**EXERCISE:** Lines before the one containing "Atongm çoklu şarj" are not copied; that line and every one after it, through the end of the material below, are printed exactly, without pictures.

**DATA SECTION:**
┄┄┄┄┄┄┄┄┄┄┄┄┄┄┄┄┄┄┄┄
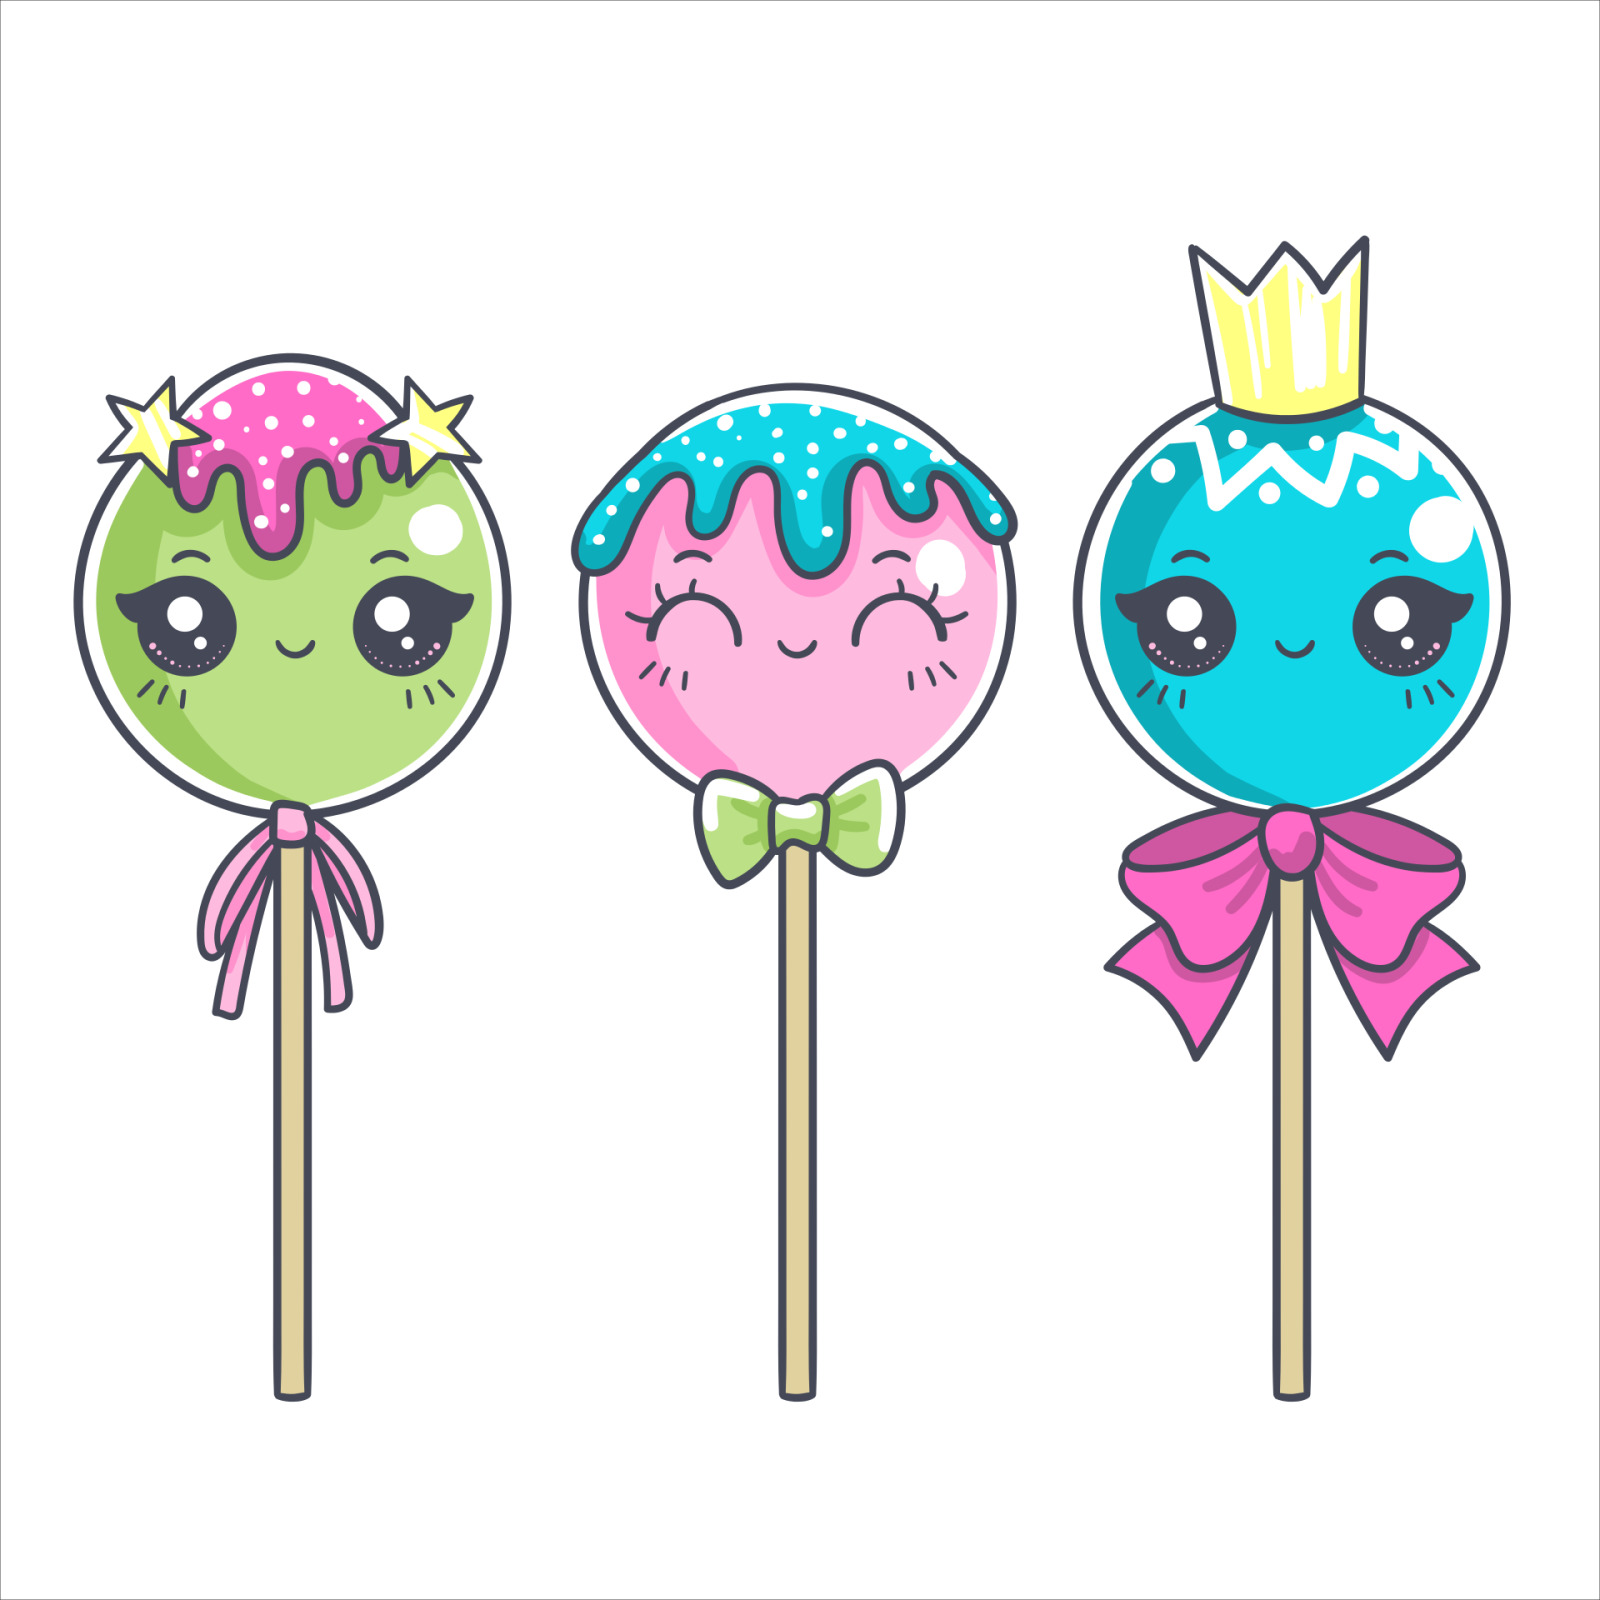 Sweet Lollipop - Original image
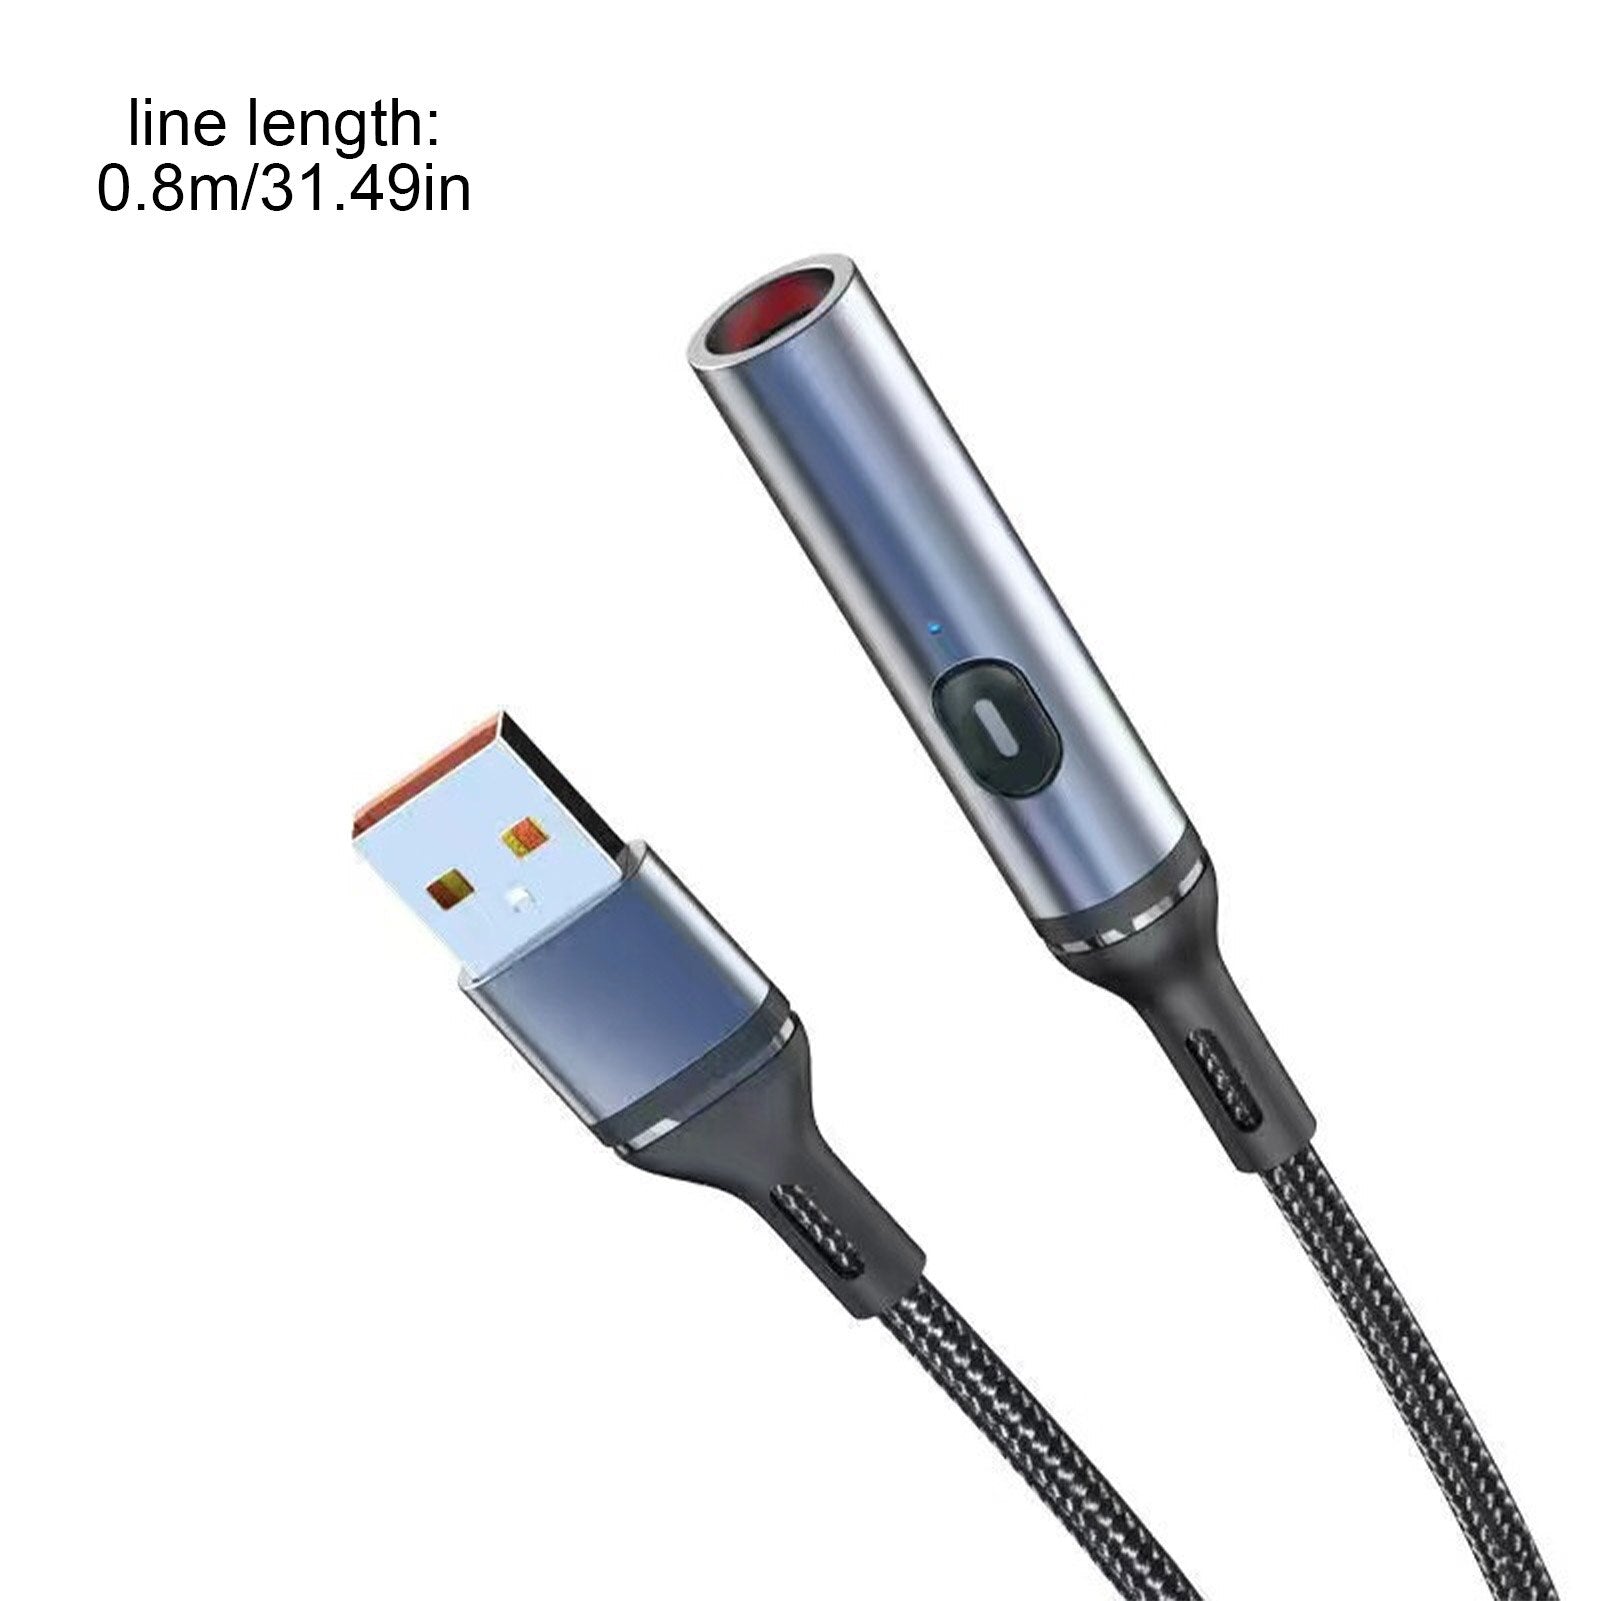 Atongm çoklu şarj kablosu 12V 120W araç çakmak şarj adaptörü tip-c cep telefonları için mikro usb bağlantı noktası konnektörleri tabletler
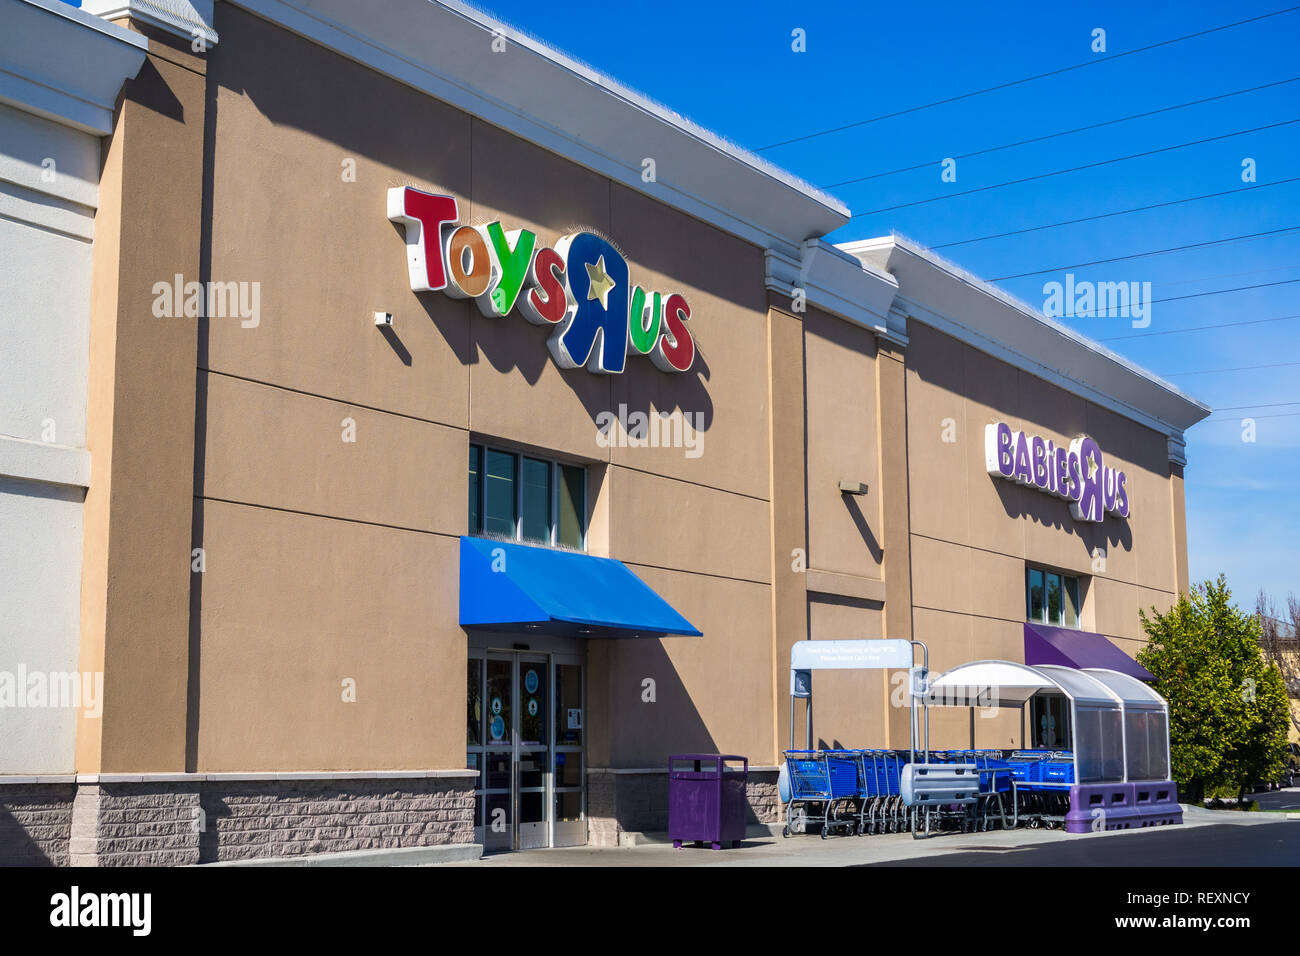 30 janvier 2018 Sunnyvale / CA / USA - Toys R Us entrée à l'un des magasins situés dans la région de San Francisco bay area Banque D'Images
┄┄┄┄┄┄┄┄┄┄┄┄┄┄┄┄┄┄┄┄
**ANSWER BOX:**
 Atongm çoklu şarj kablosu 12V 120W araç çakmak şarj adaptörü tip-c cep telefonları için mikro usb bağlantı noktası konnektörleri tabletler
 30 janvier 2018 Sunnyvale / CA / USA - Toys R Us entrée à l'un des magasins situés dans la région de San Francisco bay area Banque D'Images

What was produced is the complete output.